# 91 NX2k



## RBI*04 (Sep 10, 2004)

just bought this bad boy a couple weeks ago.

91, white, autotragic, 150k, all stock except slipon muffler.

NO rust....ANYWHERE. body is clean. paint WAS maaco, till i spent the better part of two days bringing it back to life (pics dont do WHITE justice...its a night and day difference). interior is clean, just needs all the painted shit to be replaced (my b13 will be the parts car for this....if i can find all the pieces)

the engine is shot, and the car had been sitting for nearly 5 years when i picked it up for cheap. only mods ive done so far are: red side marker lenses all around (yes, im such a ricer) and put prothane inserts on order lol.
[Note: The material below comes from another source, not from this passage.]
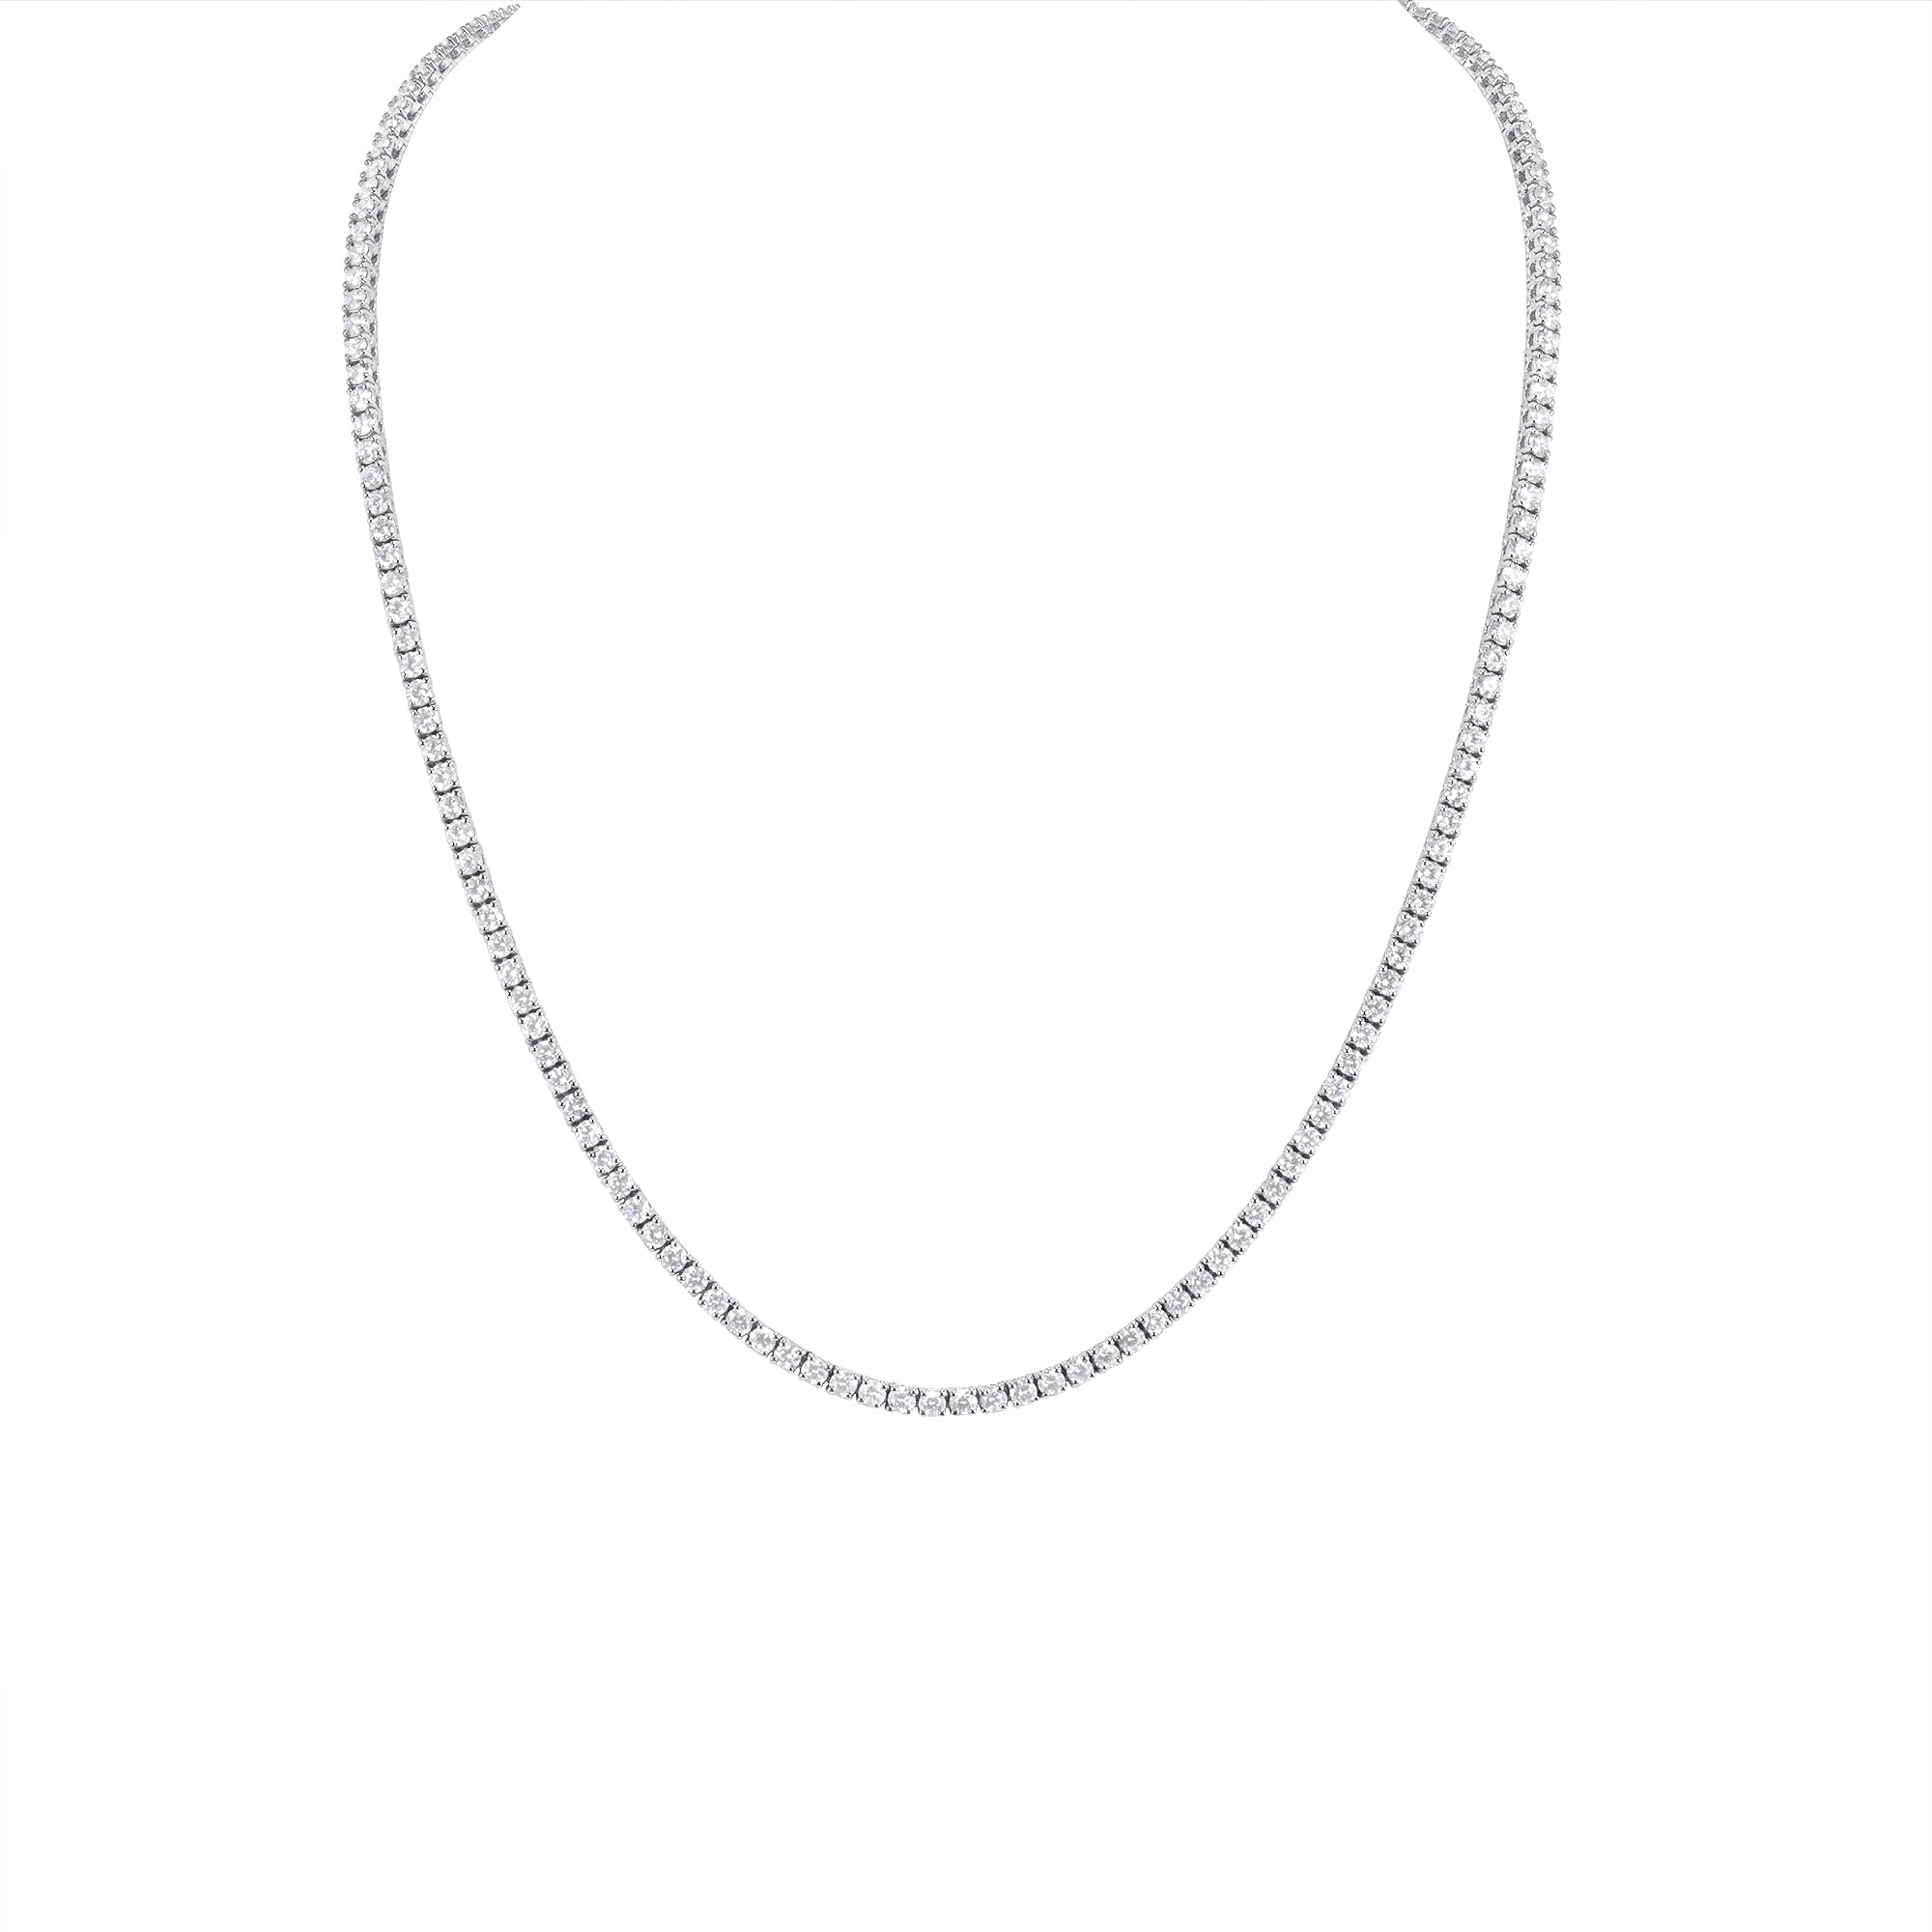 18.11ct Straight Line Round Brilliant Diamond Tennis Necklace in 18K White Gold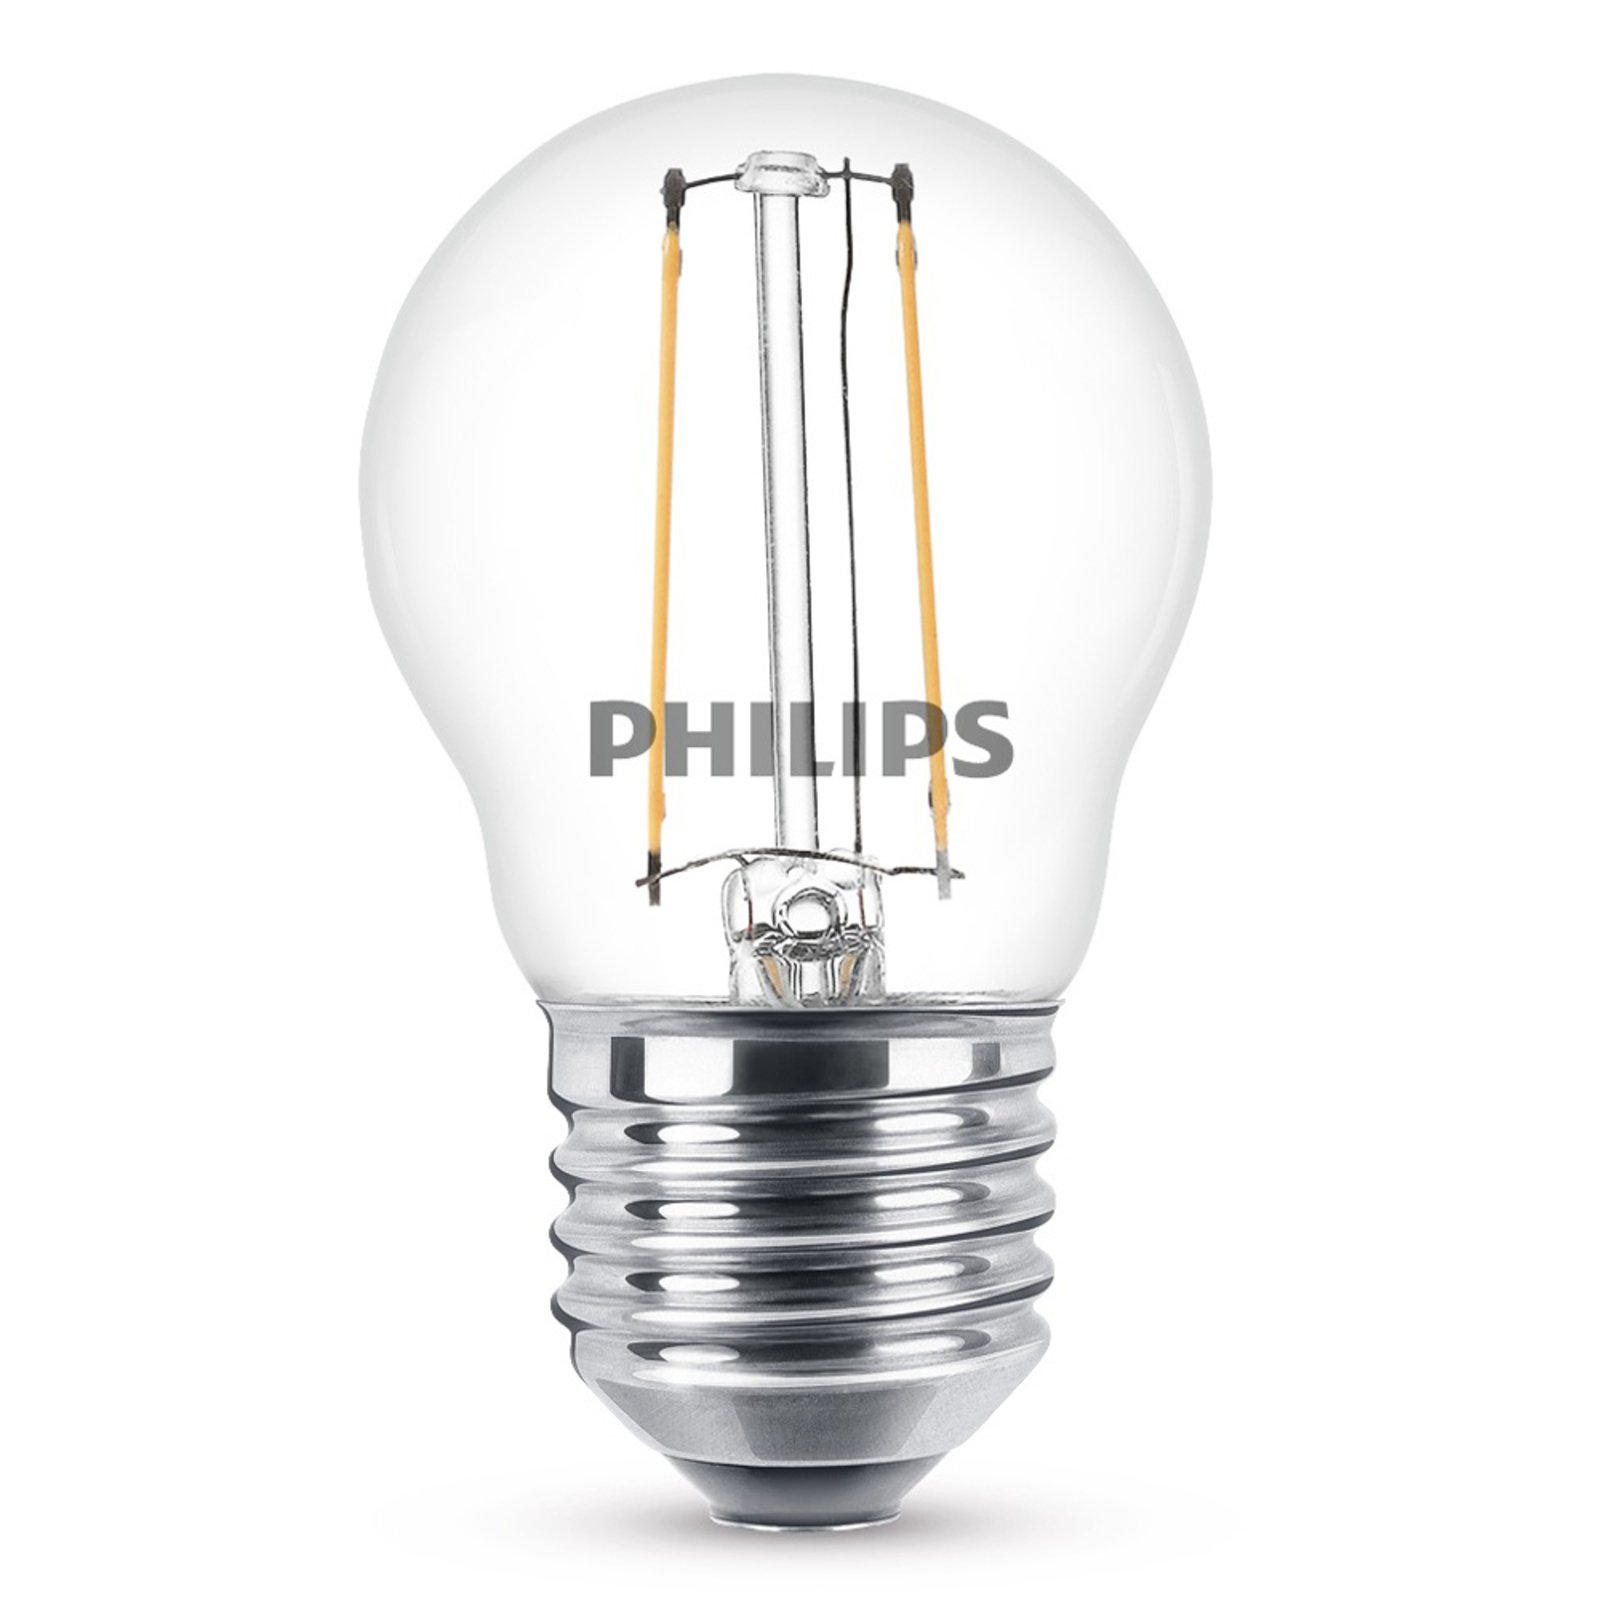 Philips E27 2W 827 bec LED

...day one. sitting next to the b13








...OMGttops?!?!! ya rly!








...engine shot:day one. this is the only part of the car where youll see a big difference








...my red marker mod ) the b13 now has amber all around








...as of tonight. the paint looks and feels wet as water, i put a towel on the hood and it slid right on the floor...compared to the sandpaper feel on day one








....*HOW-TO: engine swap:* disconnect everything and make the engine bay look like a mess. DONE!








...interior....needs a little work and cleaning. other wise in fairly good shape.


plans for the car are: restore it to its former beauty. a little (drop and STBs at most) suspension work. and maybe a little VE madness in the far far FAR future. b14 wheels are already on it


----------